He'd actually been slamming drinks in the back of the club while watching Candlemass's American counterpart, Chicago "white-metal" throwbacks Trouble, deliver a set as epic as Marcolin's bar tab. Candlemass's own gig -- its first in America in a decade -- slowed time with granite-heavy doom that sounded like Sabbath's Paranoid played at 16 rpm.
"Thank God I got 'em here," festival organizer Mark Gromen chuckles today, noting that Candlemass hasn't survived the ensuing year. "It was the next-to-last show they ever played."
The band's climactic set ended two loud days of denim, Budweiser, and songs about dragons. The Six Pack Weekend went over so well (with the club at near-capacity both nights) that its organizers assumed it couldn't be topped.
"At one point in time, it was like, 'Okay, we did it, we can't top last year, so why try?'" recalls Gromen, a former Clevelander who's now a senior writer for the Toronto-based metal mag Brave Words & Bloody Knuckles. "But then we said, 'You know what, the word-of-mouth was so strong, everybody had such a great time -- it would be silly to stop here, regardless of how difficult it is to follow up the lineup from last year.' Once we got started, it was all about 'What's going to make it a little bit different from last year?'"
Diversity, for starters. This year's Six Pack roster runs the gamut from power metal to thrash, acoustic rock to death metal. Long-running German trad-metal quartet Grave Digger, a Wagner-obsessed bunch that gets Bics in the air with songs like "Headbanging Man" and "We Wanna Rock You," will play the first American gig of its 23-year career, as will its old-school countrymen in Brainstorm. Swedish goth-metal depressives Katatonia will perform -- in what is only their second U.S. show -- while northwestern Metallica contemporaries Metal Church are re-forming for the first time in years.
One of the most anticipated reunions comes from Cleveland's own Shok Paris, an Accept- and Scorpions-influenced classic-metal combo that was the first metal band from these parts to land a national record deal. Just two years ago, Shok Paris guitarist Ken Erb dismissed their reunion prospects in Deanna Adams's extensive history of the Northeast Ohio music scene, Rock 'n' Roll and the Cleveland Connection. "What's the point? You did it once," Erb says in the book. "I mean, you're not the same person 10 years later. You're not coming from the same place psychologically."
Maybe not, but with a number of websites keeping the band's name alive and an offer to play Germany's Bang Your Head Festival this summer in front of close to 10,000 people, this is a proper send-off for the band, which abruptly called it quits in 1989 after an ill-fated tour.
"It's not like it was toward the end, where we were trying to make it over that big hump and become big and famous and all that stuff," says Erb, who also plays with Cleveland metallers Zone 11. "Now we're just going to go out, we're going to have fun, we're going to play the old tunes, and hopefully people are going to enjoy it. It's great to see that there's still some appreciation for this kind of stuff."

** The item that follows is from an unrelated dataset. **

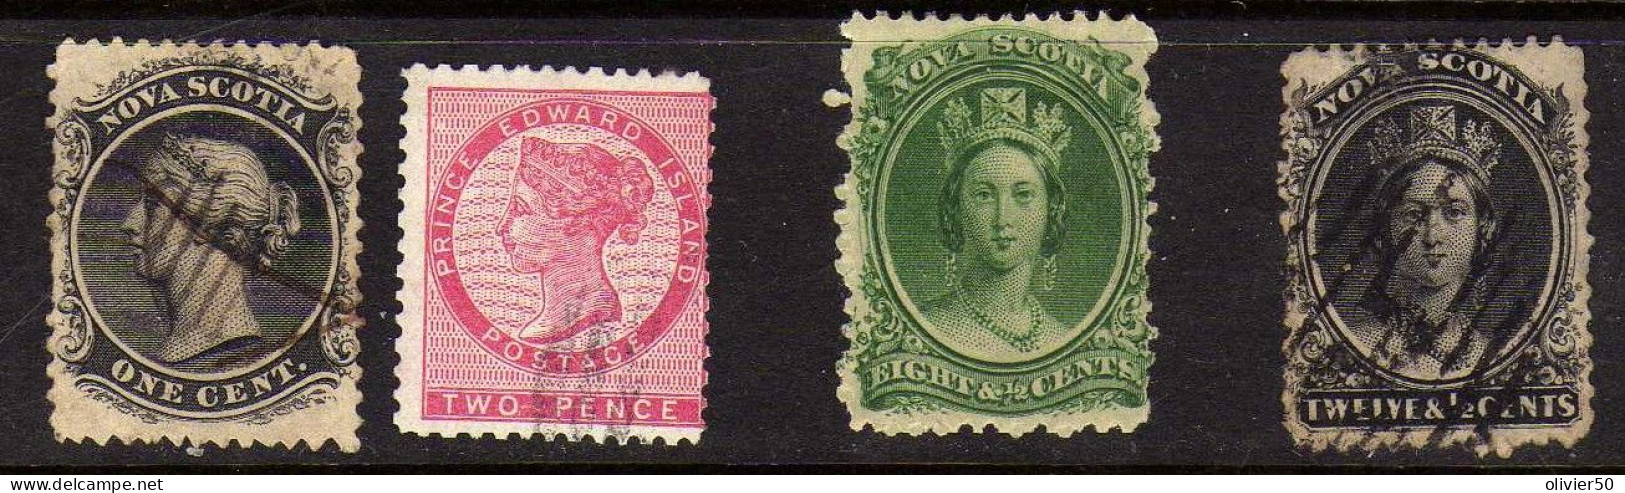 Nouvelle-Ecosse - Prince Edouard (1860-69) -  Victoria - Oblit  - Et Neuf* - MH - Unused Stamps

As Shok Paris steps back under the lights this weekend, so does the label that discovered it: Cleveland's Auburn Records. Celebrating its 20th anniversary, Auburn will host a Thursday showcase featuring much of its pioneering '80s roster, including Destructor, Breaker, and Purgatory -- acts that garnered international recognition for the Cleveland metal scene, which remains strong two decades later.

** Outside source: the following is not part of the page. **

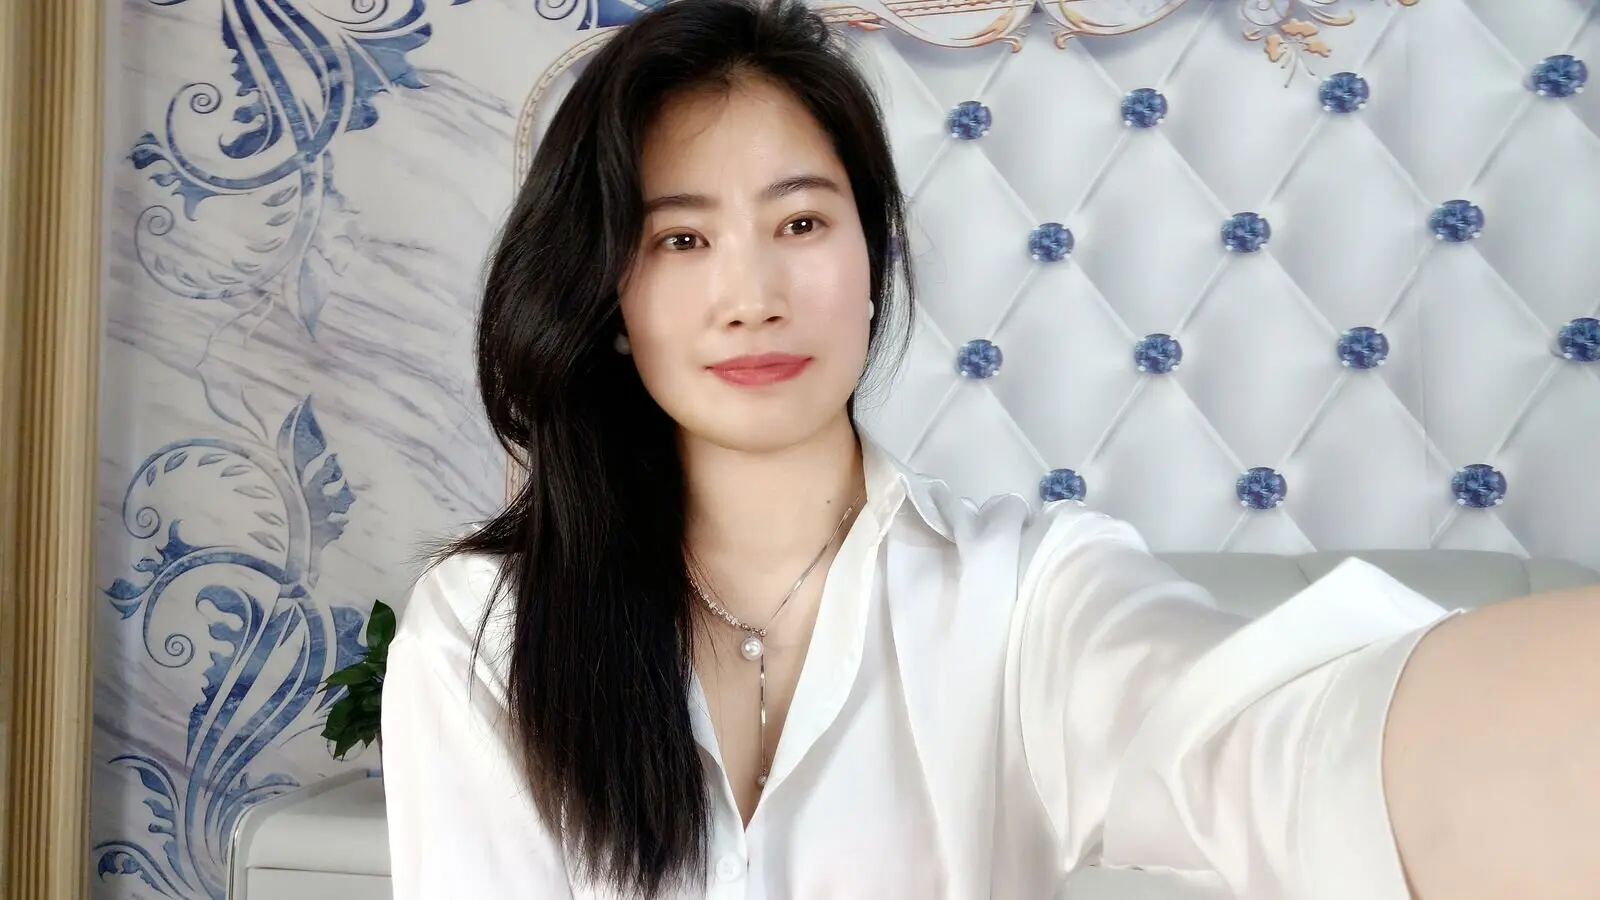 DaisyFeng Cumshow Vip

"I feel we had a positive impact on helping establish the excellent worldwide reputation Cleveland has had for underground heavy metal all these years," says Auburn founder Bill Peters. "It brought attention not only to the bands I worked directly with, but to all the metal bands from the area. I thought the Auburn show could benefit the festival as a whole by generating some local interest for BW&BK and by giving the out-of-town people an opportunity to see some of the bands they've never had a chance to see before."
There will be plenty of other special events throughout the weekend, including another Cleveland showcase on Wednesday night, featuring bruising locals At Wit's End and Crypt Kicker, and acoustic performances by Ben Jackson and Midnight of the progressive-metal outfit Crimson Glory -- and on Saturday afternoon, Seven Witches' James Rivera and Jack Frost. Other bands lined up include Southwest speed-metal stalwarts Flotsam & Jetsam, U.K. fantasy-metal longhairs Shadowkeep, and busty siren Doro, who could twist Lita Ford's head right off her body if she so desired.
Then there's Germany's mighty Primal Fear, a band more masculine than mustaches. The band's galloping man metal is the background music for eating meat, fighting bears, and combing chest hair. And though anthems like "Metal Is Forever" and "In Metal" could induce hernias, Primal Fear delivers them with a smile.
"The guys are into having fun onstage, which is cool," Primal Fear drummer Randy Black says. "The guys are serious about doing a really good show and playing well, but we're not so serious that we can't have fun."